I have the start and end points of the ray. But what do you mean by interpolating ?

For instance, when you find the midpoint, if you have the start and end points in world coordinates, then the average of those two values will be the midpoint in world coordinates.

Asmodeus
07-14-2015, 04:15 AM
Well is there any nice terrain-ray intersection algorithm available out there ? Since mine is just for testing and not accurate enought.
I will probably use both sphere and box intersections. So i will need a bit "loose" sphere around the mesh and if the ray intersects i will pass to the more accurate box intersection. That should save some significant time when testing more objects.

EDIT: I was wondering since i have generated a AABB , how could i convert that to OBB (this is done in the intersection check function , as i pass the matrices , but i was wondering how would it look like outside of that)

GClements
07-14-2015, 07:05 AM
Well is there any nice terrain-ray intersection algorithm available out there ? Since mine is just for testing and not accurate enought.
Project the ray onto the ground plane and trace the resulting line through the height map (as if you were drawing a line on a bitmap surface, e.g. Bresenham's algorithm or DDA) starting at the edge nearest the viewpoint.

If you know the minimum and maximum height values, find the intersection between the ray and the corresponding planes. Then you only need to trace a line between those two points rather than across the entire height map.

If you want better average-case performance at the expense of complexity, generate two mipmaps for the minimum and maximum heights. You effectively then have a series of successively finer grids of AABBs bounding the terrain.
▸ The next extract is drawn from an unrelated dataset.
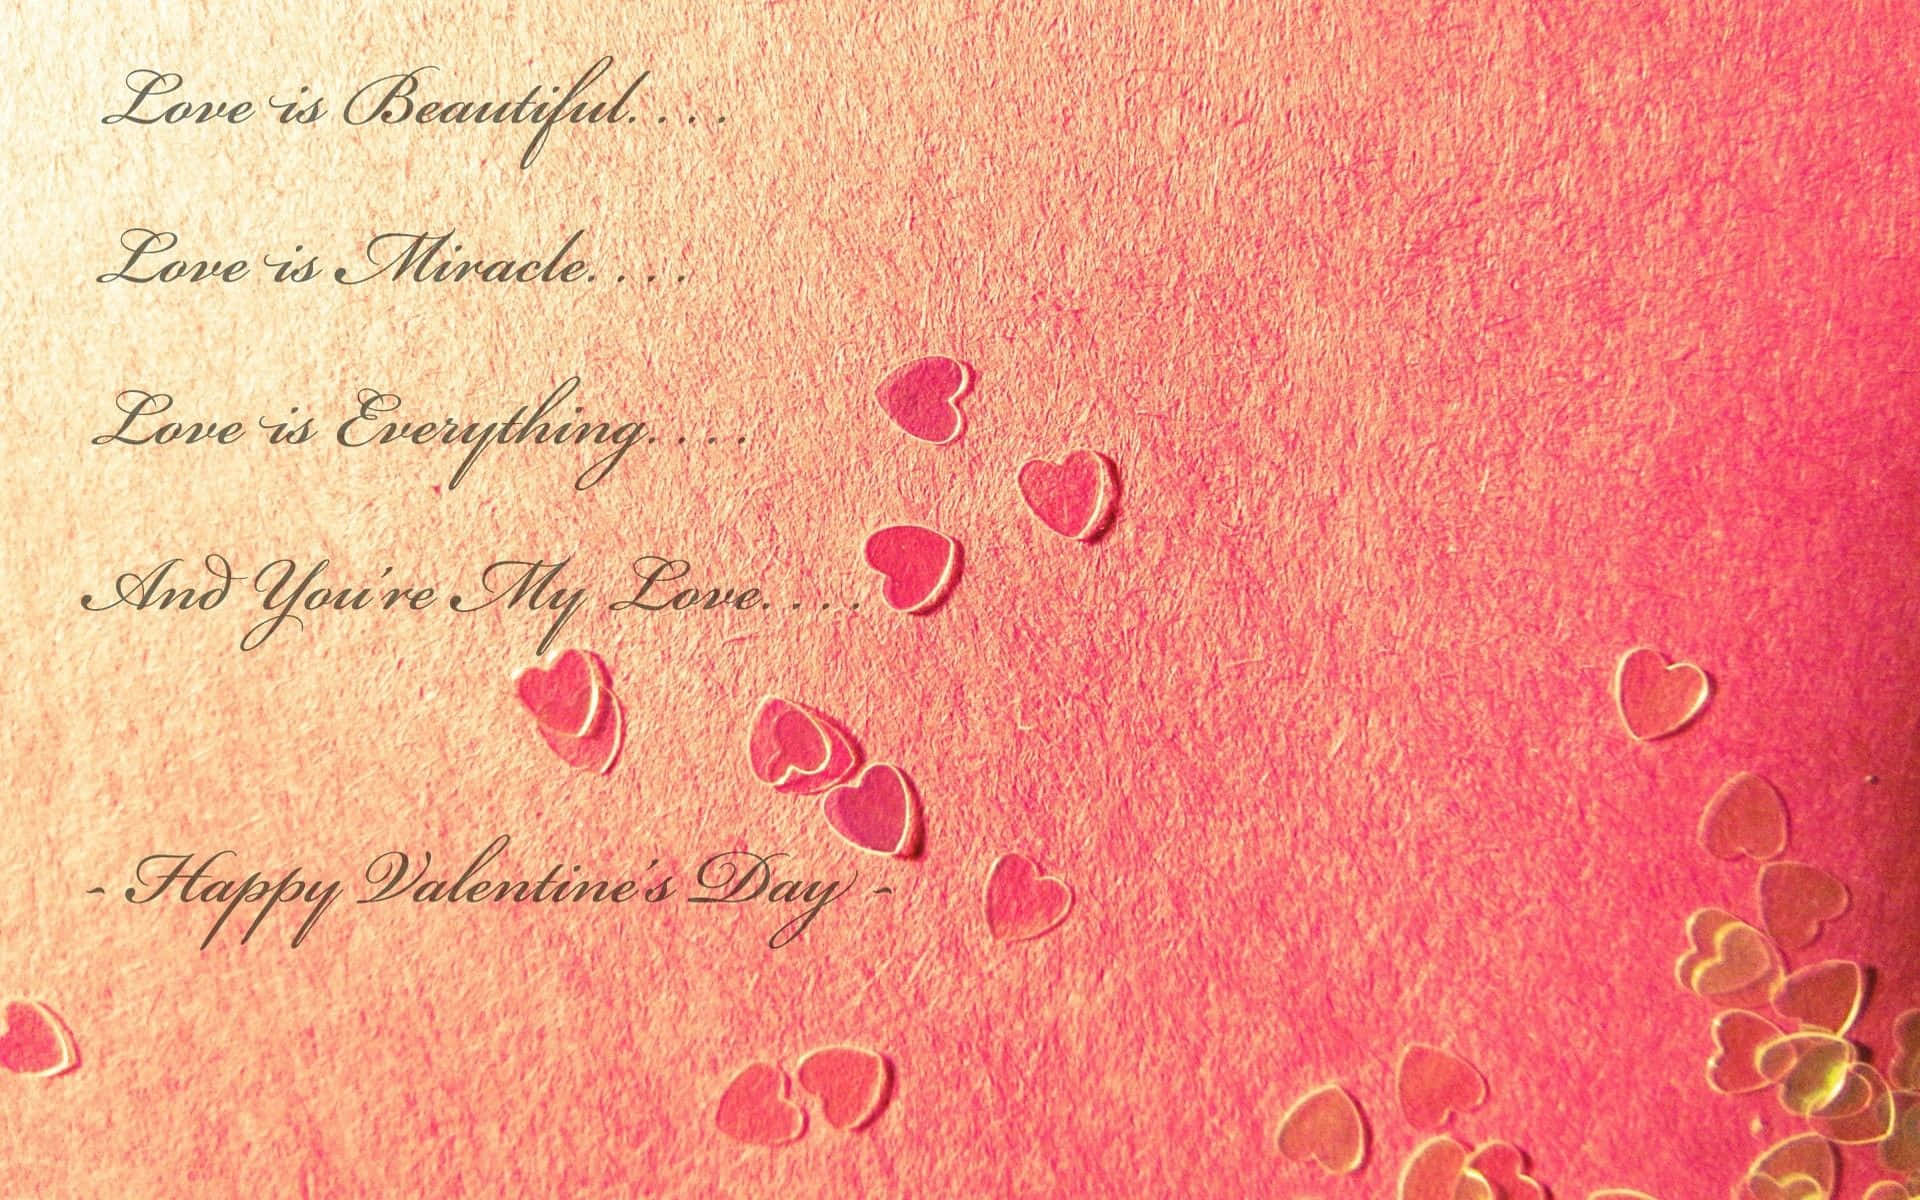 Vis din kærlighed med en sød Valentinsdagskort. Wallpaper

You only need to examine the higher-resolution data when the lower-resolution data indicates a potential intersection.

Asmodeus
07-14-2015, 09:31 AM
I will leave out the terrain, for now cause i have something thats working to some extend. But i was looking over and coudn't find any meaningful tutorial on how to generate OBBs

Asmodeus
07-15-2015, 06:10 AM
As for my last post i am still searching a nice OBB explanation. How its done more in-depth information. Can it be generated from a AABB. If possible some samples . Thanks

GClements
07-15-2015, 06:46 AM
Well, an OBB (oriented bounding box) is just a bounding box which isn't necessarily axis-aligned.
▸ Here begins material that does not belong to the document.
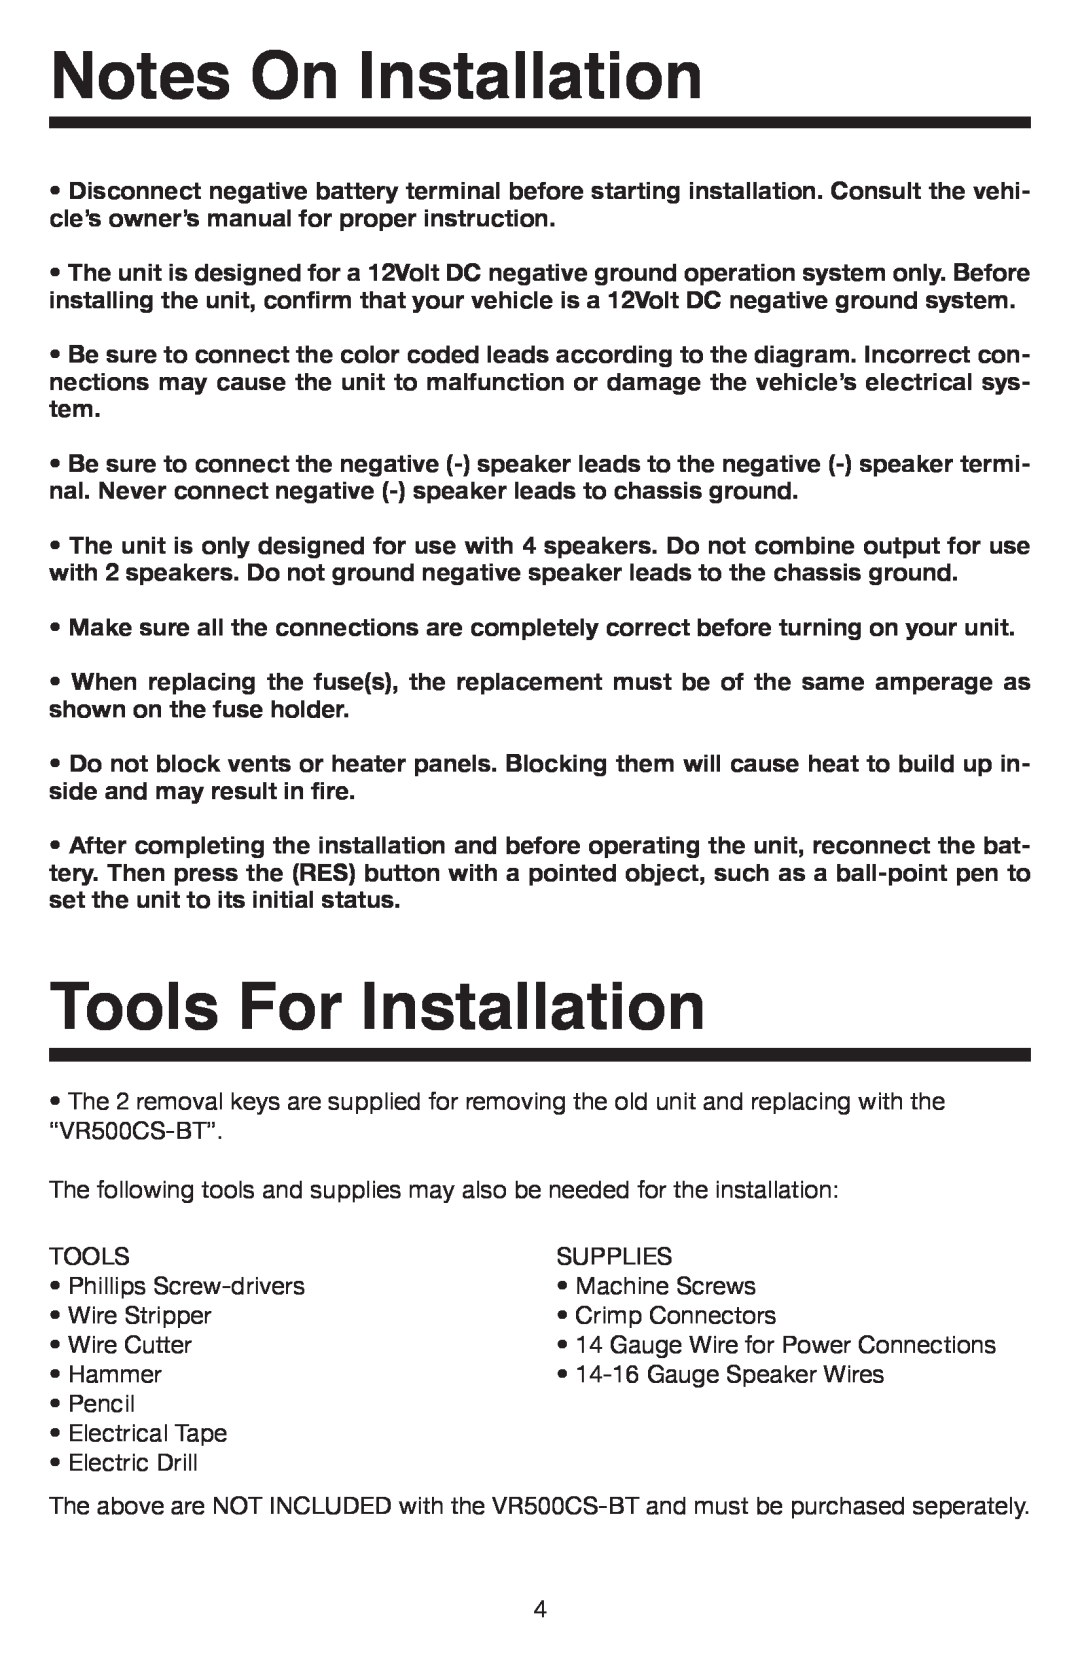 Elite VR500CS-BT manual Notes On Installation, Tools For Installation

An OBB is typically an AABB plus a transformation. Testing for intersection with a ray can be performed by transforming the ray by the inverse transformation then using an AABB test.

Both of these are special cases of a convex hull. The specialisation just allows some of the calculations to be simplified. E.g. for an AABB, the calculation of the dot product with a face normal involves extracting one of the three coordinates (in essence, you're multiplying by values which are zero or one, then adding three values of which two are known to be zero).
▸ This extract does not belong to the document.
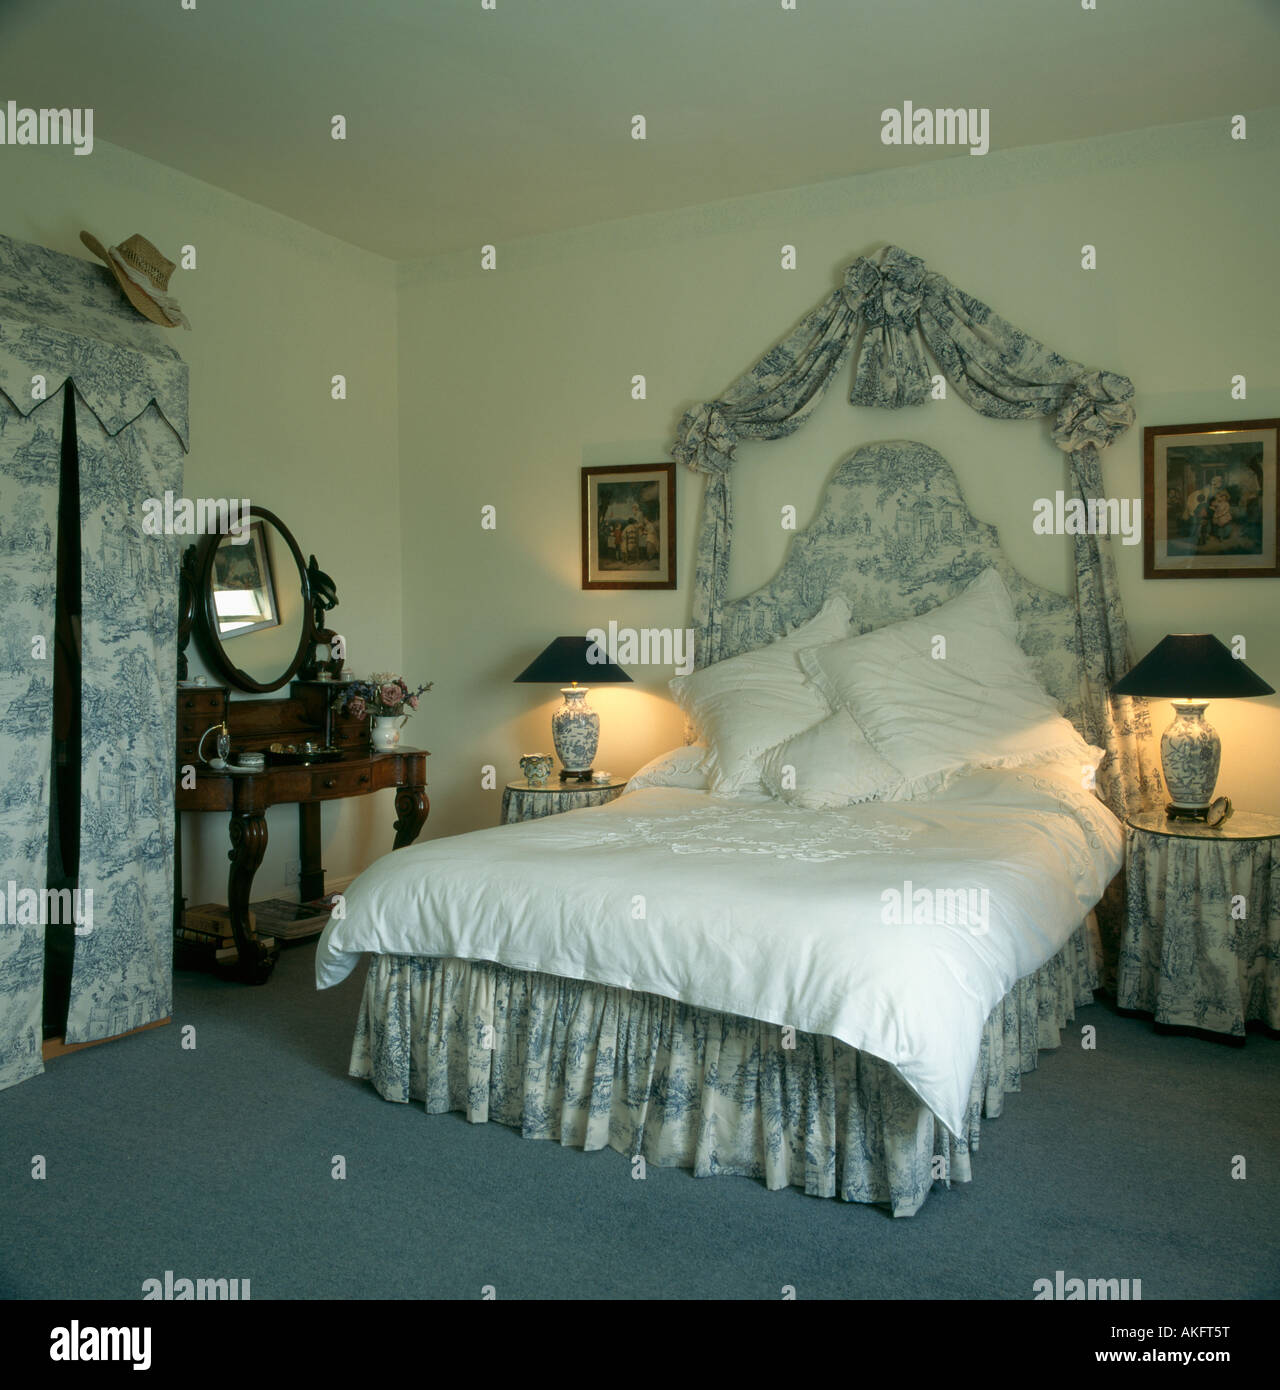 Lit avec toile de Jouy bleu tissu drapé au-dessus de lit correspondant et  valence dans chambre avec des lampes allumées Photo Stock - Alamy

The convex hull of a set of points can be found deterministically, using e.g. Quickhull (https://en.wikipedia.org/wiki/Quickhull) or other methods (https://en.wikipedia.org/wiki/Convex_hull_algorithms). This can be used as the basis for finding an OBB or bounding sphere (you only need to consider the vertices of the convex hull rather than all vertices).

Asmodeus
07-15-2015, 07:22 AM
Aham , but wait. So this is what i've got so far (from reading around). AABB is axil aligned , you can apply transformations or scaling, same applies for OBB but you can add Rotations ? My question was more of how to actually calculate one. I found various examples . Simple(on first glance) Code snippet i found. Once i started tracing the methods included in this constructor sh*t got real. The Covariance calc here invokes server other complex methods


OBB::Set( const Vector3* points, unsigned int nPoints )
{
// //ASSERT( points );

Vector3 centroid;

// compute covariance matrix
Matrix33 C;
ComputeCovarianceMatrix( C, centroid, points, nPoints );

// get basis vectors
Vector3 basis[3];
GetRealSymmetricEigenvectors( basis[0], basis[1], basis[2], C );
mRotation.SetColumns( basis[0], basis[1], basis[2] );

Vector3 min(FLT_MAX, FLT_MAX, FLT_MAX);
Vector3 max(FLT_MIN, FLT_MIN, FLT_MIN);

// compute min, max projections of box on axes
// for each point do
unsigned int i;
for ( i = 0; i < nPoints; ++i )
{
Vector3 diff = points[i]-centroid;
for (int j = 0; j < 3; ++j)
{
float length = diff.Dot(basis[j]);
if (length > max[j])
{
max[j] = length;
}
else if (length < min[j])
{
min[j] = length;
}
}
}

// compute center, extents
mCenter = centroid;
for ( i = 0; i < 3; ++i )
{
mCenter += 0.5f*(min[i]+max[i])*basis[i];
mExtents[i] = 0.5f*(max[i]-min[i]);
}

} // End of OBB::Set()



Then i find another example on stackoverflow : http://stackoverflow.com/questions/26530219/obb-rotation-calculation. Here the OP uses completely different approach to construct the box.
Just the problem is i cant find ONE definitive way of doing this.

GClements
07-15-2015, 11:07 AM
Just the problem is i cant find ONE definitive way of doing this.
The reason for that is that computing an optimal OBB (for some definition of "optimal"; there's more than one) would be insanely slow for any non-trivial mesh, so you're left with a choice between various algorithms, some of which are closer to optimal, some are faster, some are simpler.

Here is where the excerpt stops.